6-2) P.I. Construction of P. ananatis SC17 (0) ΔmgsA :: att Bφ80 The kanamycin resistance gene (kan gene) was removed from the Ananatis SC17 (0) ΔmgsA :: attLφ80-Km ^R -attRφ80 strain. It was carried out using pAH129-cat according to the method of the previous report (Andreeva IF et al., FEMS Microbiol Lett. 2011; 318 (1): 55-60). In order to remove the kan gene, P. pAH129-cat was electroporated into ananatis SC17 (0) ΔmgsA :: attLφ80-Km ^R -attRφ80 strain. Thereafter, 1 ml of SOC medium was added, and recovery culture was performed at 34 ° C. for 2 hours, and then the temperature was raised to 42 ° C., and culture was further performed for 1 hour. The cells after recovery culture were seeded on an LB plate containing 60 mg / L chloramphenicol and cultured overnight at 37 ° C., followed by further overnight culture at 30 ° C. While confirming that the obtained transformed microorganism can not grow on a plate containing kanamycin 50 mg / L, colony PCR was performed using the primers shown by mgs AF (SEQ ID NO: 76) and mgs AR (SEQ ID NO: 77). It implemented and confirmed that the mgsA gene was substituted by the attBφ80 sequence. A new share of P. ananatis SC17 (0) ΔmgsA :: attBφ80 / pAH129-cat strain. Subsequently, removal of pAH129 from strain SC17 (0) ΔmgsA :: attBφ80 / pAH129 was performed according to the following procedure. The SC17 (0) ΔmgsA :: att Bφ80 / pAH129 strain was inoculated into 1 mL of LB medium and cultured at 34 ° C. for 3 hours. Then, it culture | cultivated at 42 degreeC for 1 hour. The culture solution was applied to an LB plate to obtain single colonies. It was confirmed that the obtained clone was not viable at 60 mg / L chloramphenicol, and was used as strain SC17 (0) ΔmgsA :: attBφ80.

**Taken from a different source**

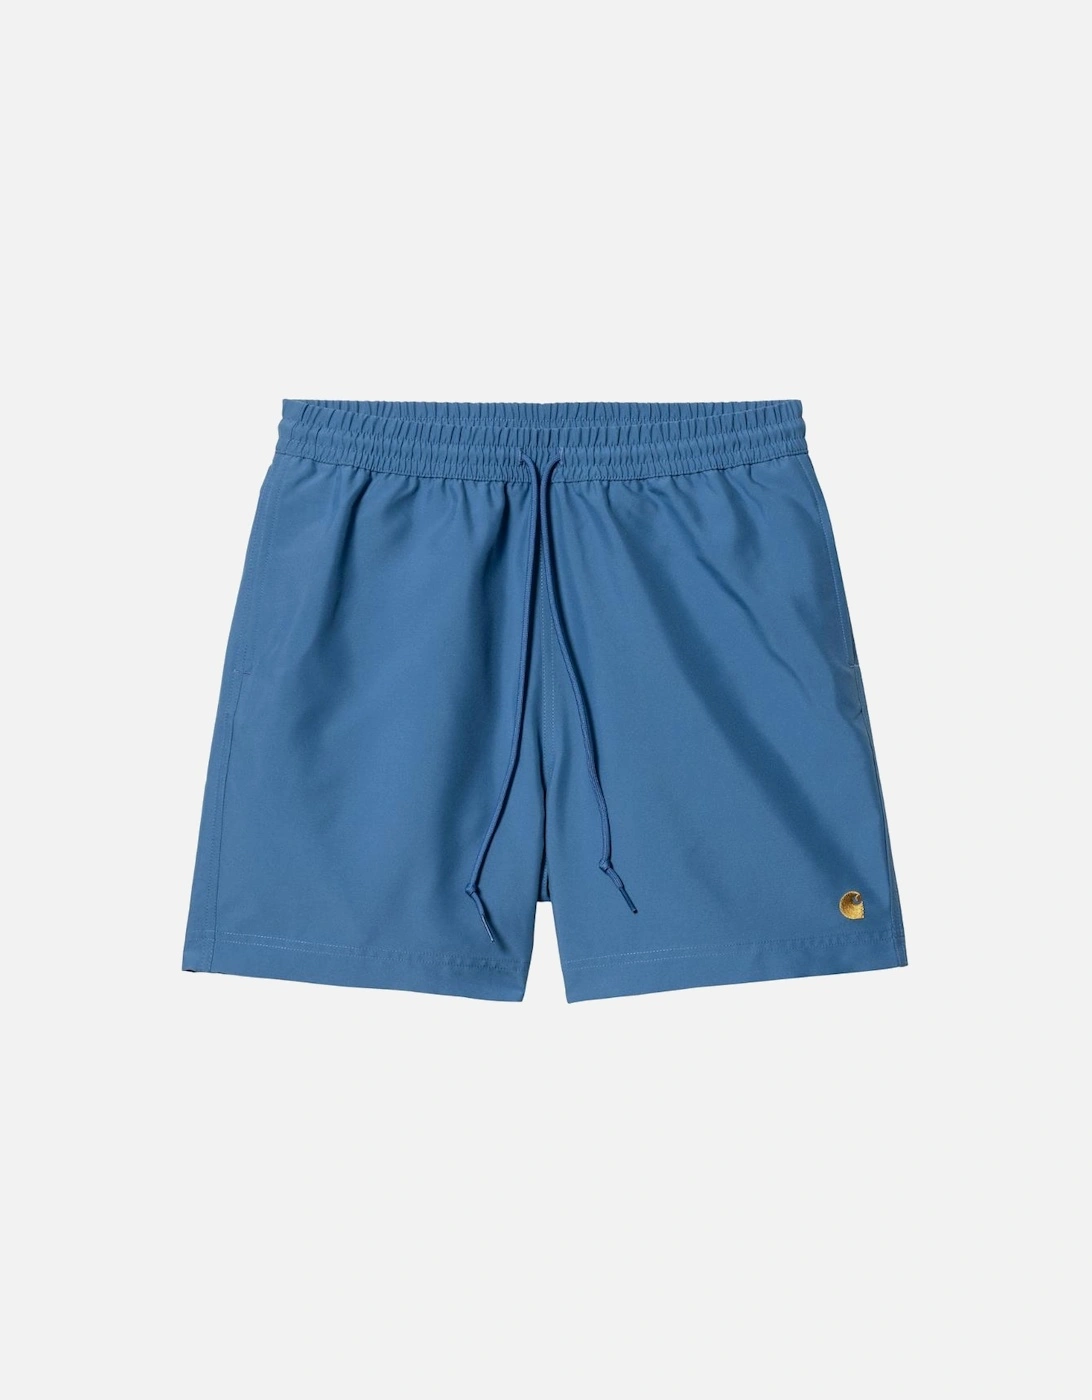 Chase Swim Trunk - Acapulco/Gold, 5 of 4

6-3) Construction of CRIM Plasmid, pAH162-P _tac -ADH3P pAH162-P _tac -ADH3P was constructed according to the following procedure. Using the pSTV28-P _tac -ADH3P constructed above as a template, PCR (Prime star GXL (registered trademark)) by combining primers shown by pAH162-ADH3P-F (SEQ ID NO: 78) and pAH162-ADH3P-R (SEQ ID NO: 79) 94 ° C., 10 sec., 54 ° C., 20 sec., 68 ° C., 120 sec., 35 cycles) were carried out. The obtained PCR product was purified by Wizard (registered trademark) SV Gel and PCR Clean-UP system to obtain a gene fragment of ADH3P. Next, pAH162-P _tac was digested with restriction enzymes PstI and BamHI, and the obtained plasmid fragment was purified by Wizard (registered trademark) SV Gel and PCR Clean-UP system. Thereafter, gene fragments of ADH3P and pAH162 were ligated with In-Fusion (registered trademark) HD cloning Kit and transformed into PIR2 strain. Colony PCR was performed with the combination of the primers shown by pAH162-Gene-F2 (SEQ ID NO: 71) and pAH162-Gene-R (SEQ ID NO: 72) using the emerging transformed microorganism, and ADH3P was cloned into pAH162-P _tac. I confirmed that it was. The plasmid expressed by ADH3P under the control of the tac promoter was named pAH162-P _tac -ADH3P.

6-4) Construction of CRIM Plasmid, pAH162-P _tac -yahK (b0325) pAH162-P _tac -b0325 was constructed according to the following procedure. E. PCR (Prime star GXL (registered trademark) 94 ° C., 10 sec.) is carried out using the genomic DNA of E. coli MG1655 strain as a template and the combination of primers shown by pAH162-yahKE-F (SEQ ID NO: 80) and pAH162-yahKE-R (SEQ ID NO: 81). , 54 ° C., 20 sec., 68 ° C., 120 sec., 35 cycles). The obtained PCR product was purified by Wizard (registered trademark) SV Gel and PCR Clean-UP system. The gene fragment of E. coli-derived yahK (b0325) was obtained. Next, pAH162 was digested with restriction enzymes PstI and BamHI, and the obtained plasmid fragment was purified by Wizard (registered trademark) SV Gel and PCR Clean-UP system. Thereafter, the gene fragments of yahK (b0325) and pAH162 were ligated with In-Fusion® HD cloning Kit, and transformed into PIR2 strain. The transformed microorganism that has appeared is subjected to colony PCR using a combination of primers shown by pAH162-Gene-F2 (SEQ ID NO: 71) and pAH162-Gene-R (SEQ ID NO: 72), and E. coli under control of the tac promoter. A plasmid pAH162-P _tac -yahk (b0325) was obtained which was expressed by the E. coli-derived yahK (b0325) gene.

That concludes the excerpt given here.